The Unicode Byte-Order Mark (BOM) in UTF-8 encoded files is known to cause problems for some text editors and older browsers. You may want to consider avoiding its use until it is better supported. "
I’ve been searching around to figure out what this is but all I get is a lot of technical gobbledegook what this uneducated boob can’t figger out.
So … anybody … in plain English … what is this monster? How do I fix it? Or is it even anything I need to worry about?
A byte-order mark is a string of bytes that indicates the endianness of an encoding (i.e., for characters encoded in one or more bytes, whether the byte with the highest or the lowest value comes first - something that some operating systems handly differently than others).

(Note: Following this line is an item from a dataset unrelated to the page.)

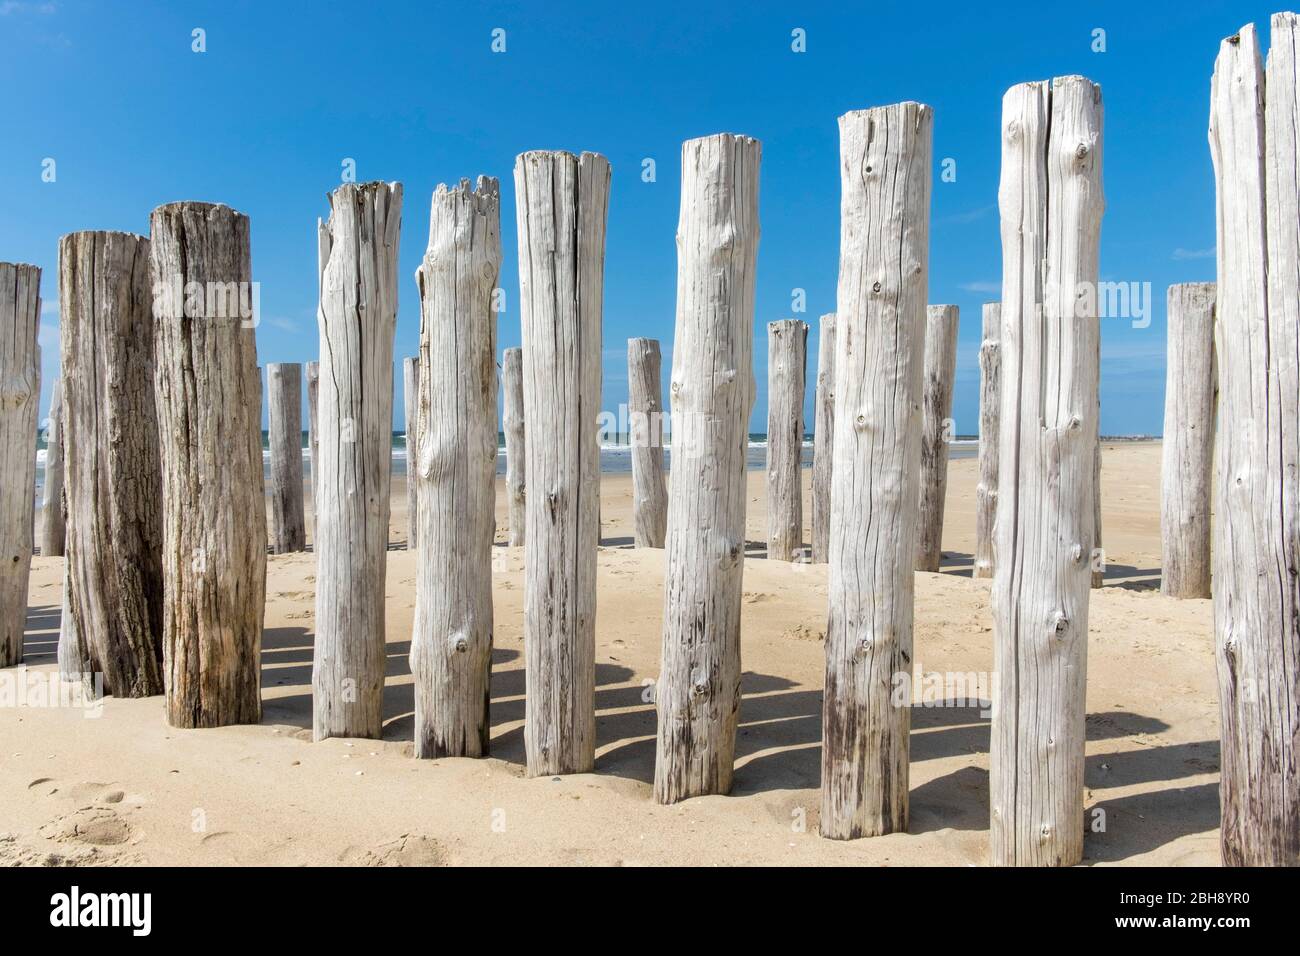 Holzpfähle in Holland mit Blick auf das Meer Stock Photo

Notepad prefaces UTF-8 encoded text with a byte-order mark which isn’t strictly necessary (in UTF-8) and might irritate some web browsers (but I haven’s seen any that actually chocke on it).
It’s much more of an issue in script files (Perl, PHP etc) where an Unix-based web server may actually throw an error.
For HTML files it’s not serious IMO but I recommend using Notepad++ where you have more control over your encoding.
Hokay. Basically it’s a non-displaying character in the Unicode spec that tells software reading a file what order bytes are written in, in a given file. Because pretty much everything in the world still deals with 8-bit bytes, if you’re using UTF-16 (16-bit encoding) each character will require two bytes. Therefore you need to tell software reading the file which byte of each character is the big end, and which is the small end, so it can put the two bytes together in the right order to get the character code. The Unicode spec says you do this by sticking a byte-order mark right at the beginning of the file.
Because you’re using UTF-8 encoding, however, the byte-order mark is pointless because there’s only one byte per character. It’s in the spec, but some programs will be confused by it. Some editors still put it in the files, though, Notepad being one of them. I have no idea why it’s only doing it to some pages - it could be that it’s not saving all of your files as UTF-8, but only ones it thinks need it. Notepad is notoriously poor at figuring out which encodings to use (as even its developers admit). You could try changing to a different text editor, but it seems like quite a few Windows editors do this, so I’m not sure this would be ideal. I use UltraEdit, which allows you to choose, but it’s not free.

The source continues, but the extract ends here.